We have been told that care is not available outside school hours. It is not that they don’t want to help – they just don’t know how. And we were told it is now on us to find that care for Noah.
We have been reaching out to all organizations we know, looking for help: additional funding for extended respite relief, complex medical care funding/assistance, CCAC/LIHN. We even reached out to the human rights commission. So far, we haven’t found a solution.
Without this support, Noah would suffer from not being able to participate in inclusive activities with his friends. It would be discrimination.
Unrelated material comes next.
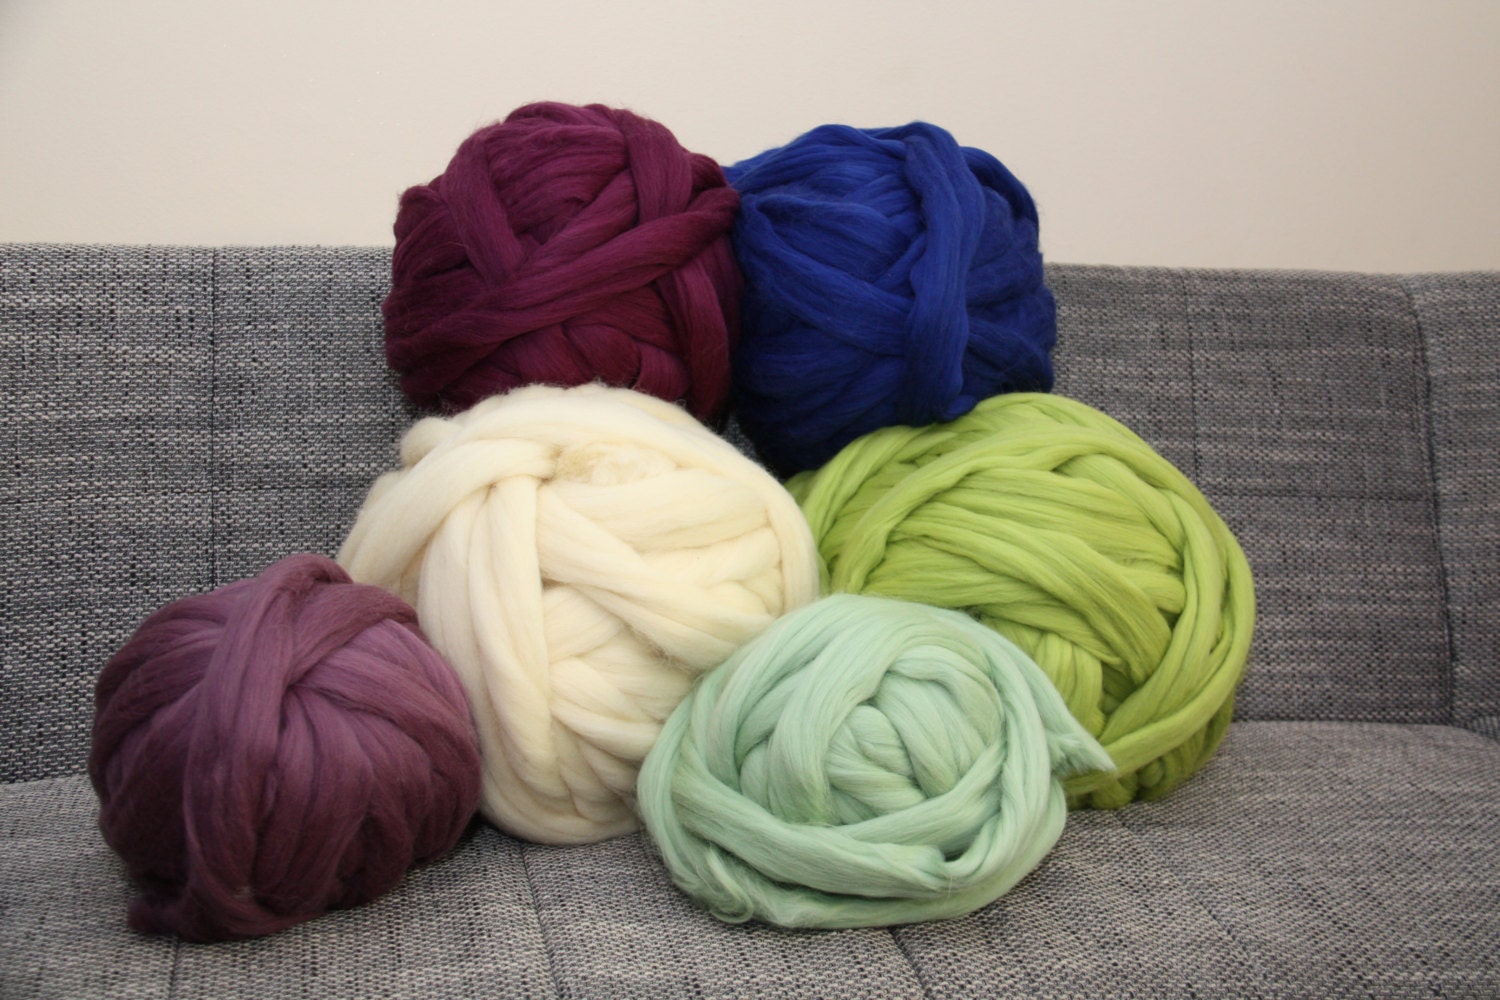  Light Gray Arm Knitting Yarn,1kg/2.2lbs Super Chunky Bulky Yarn, Chunky Wool Yarn,Hand Knit Yarn,Giant Knit Yarn,Bulky Roving Yarn,Extreme  Knitting for Blanket,Rug,Scarf,Cat Bed
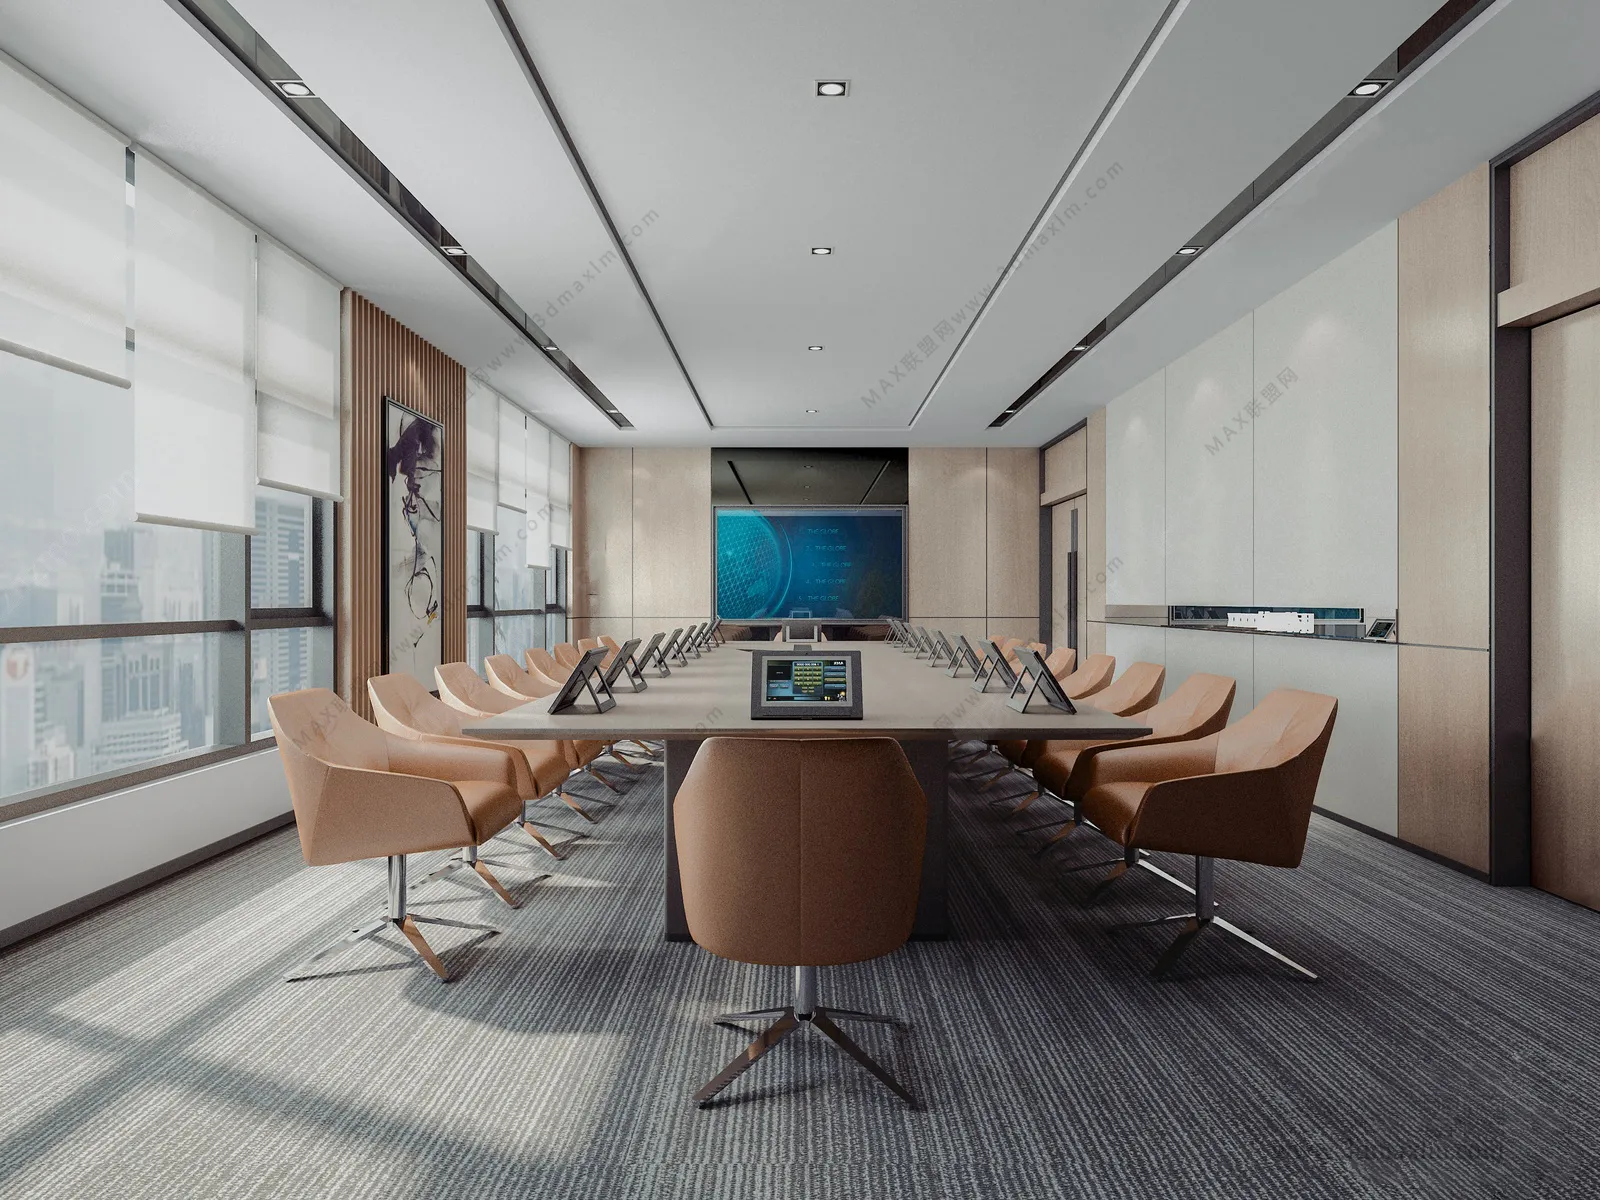 3D OFFICE INTERIOR (VRAY) – MEETING ROOM 3D SCENES – 007

Our concerns are not only financial. We are very concerned for our and Noah’s mental health. The anxiety that this situation has brought upon us, as well as the sense of helplessness is almost unbearable. Being in a privileged, wealthy country, yet one that has no inclusivity solution for someone like Noah is a terrifying thought. It is impossible to understand. And the most important thing: Noah knowing he is accepted and included, not feeling discriminated against because he has had a terrible disease, one that he has had no say in is critical in his personal development. To be told “no” because he is different would simply be unacceptable. Noah defeated cancer, twice.
Noah wasn’t given a choice or a say in having cancer. He wasn’t given a choice or a say in becoming physically disabled. We, however, have a choice. As a society, as a government, as humans, we must make the right choice, to help Noah. We must help him exactly because he had no choice. We will not allow our child to grow up in a society where his handicap will punish him and restrict his potential. He deserves better. We all owe him to be better than that. This should not stop him.
If there is any way you can help us, we would be forever grateful.